Knightmare, Chris could provide a better definition or explanation, but Calculus is:
A branch on mathematics concerned with limits and the differentiation and integration of functions
... mmmmm, sounds pretty nasty when you write it out like that
Its -infinity and +infinity as there is no range specification
Its range is -infinity to +infinity, with the exception of +1. Hmm, what would be the max and minimum value?
The answer is -
∫[(x³ - 2x) / (2x² - 3x + 2)] dx
Kylee
Kylee, that looks suspiciously like Calculus!
Without using calculus, let's simplify the function a bit.
f(x) = (x^2-2x+2)/(2x-2)
=((2x-2)(x/2-1) + x)/(2x-2)
=(x/2-1) + x/(2x-2)
=x/2[1+1/(x-1)] - 1
Let's look at all the ranges of x to work out the limits of f(x).
By inspection, at x=2, f(x)=1. Increasing x from this point continues to increase f(x) so the upper limit of f(x) is infinity.
Decreasing x towards 1 will cause f(x) to approach infinity again, as 1/(x-1) will approach infinity.

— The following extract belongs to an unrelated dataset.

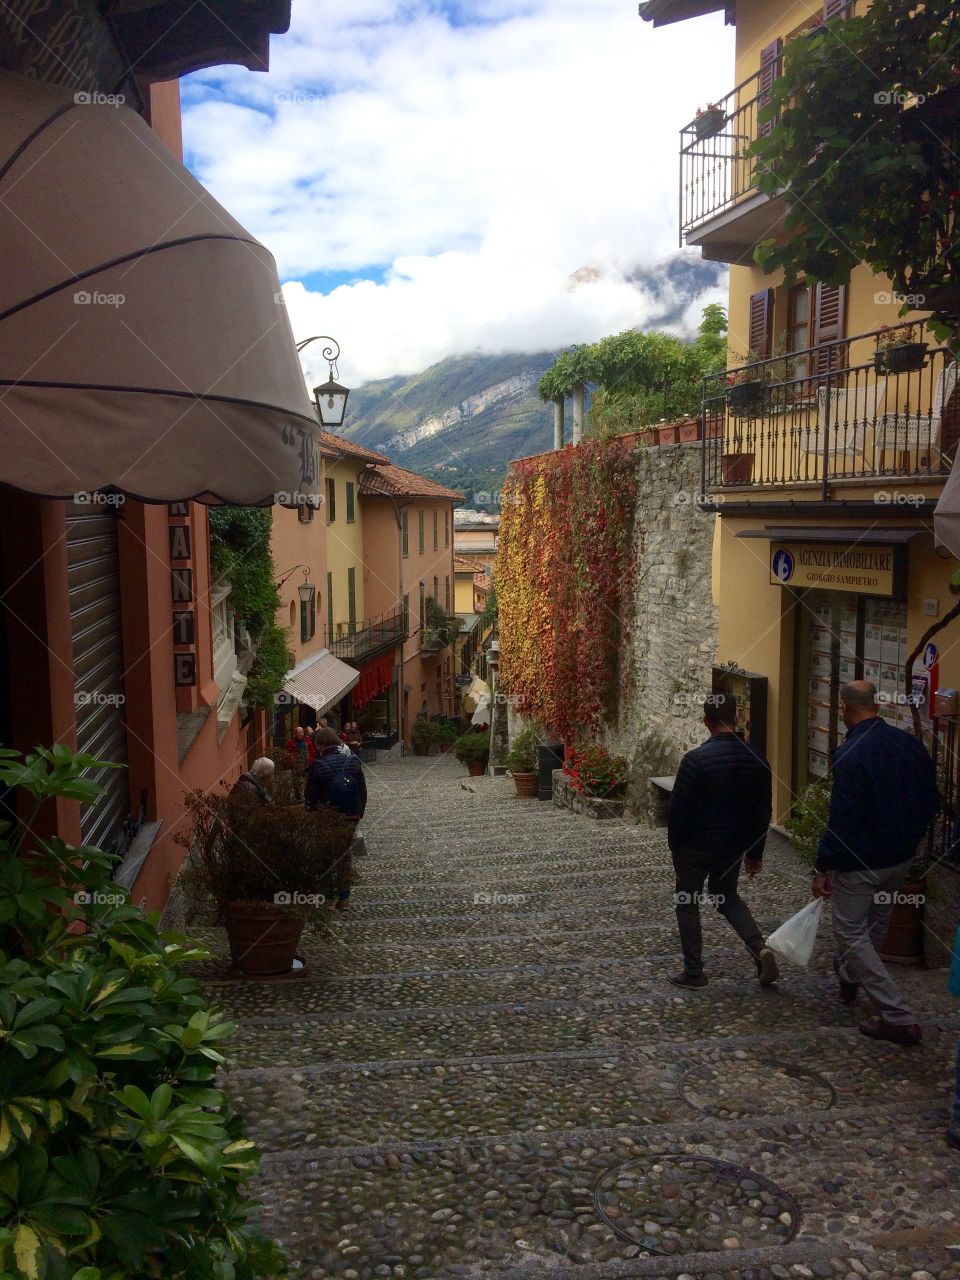 Stroll through Bellagio

Again by inspection, at x=0, f(x)=-1. Decreasing x from this point will continue to decrease f(x) so the lower limit of f(x) is negative infinity.
Increasing x from 0 towards 1 also causes f(x) to approach negative infinity as 1/(x-1) will approach negative infinity.
So the limits of the function are plus and minus infinity, but the range of the function is only from 1 to infinity and from -1 to -infinity, ie there are no values of x where -1<f(x)<1
According to the published source, there are numeric solutions.
(x^2-2x+2)=(x-1)(x-1)+1
2x-2=2(x-1)
eq=((x-1)(x-1)+1)/(2(x-1))
eq=1/2*((x-1)+1/(x-1))
if x>>1 and x-> inf (1/2*inf+1/inf)-->inf+0, thus eq->inf
if x<<1 and x-> -inf (1/2*-inf+1/-inf)-->-inf-0, thus eq-> -inf
now if x>1 and x->1, 1/2*((x-1)+1/(x-1)),1/2*(0+1/(0))-->0+inf-> inf
now if x<1 and x->1, 1/2*((x-1)+1/(x-1)),1/2*(0+1/(-0))-->0-inf->- inf
1/0 is not a number (NaN) but the above is to illustrate
Answer:
min values -inf at x=-inf and x=1 approach from x<1
max value +inf a x=inf and x=1 approach from x>1
but as noted at x=1 the function is undefined.
Cam
If source provides numeric solutions for max or min, possibly they are for the local minima, local maxima, just on either side of x=1.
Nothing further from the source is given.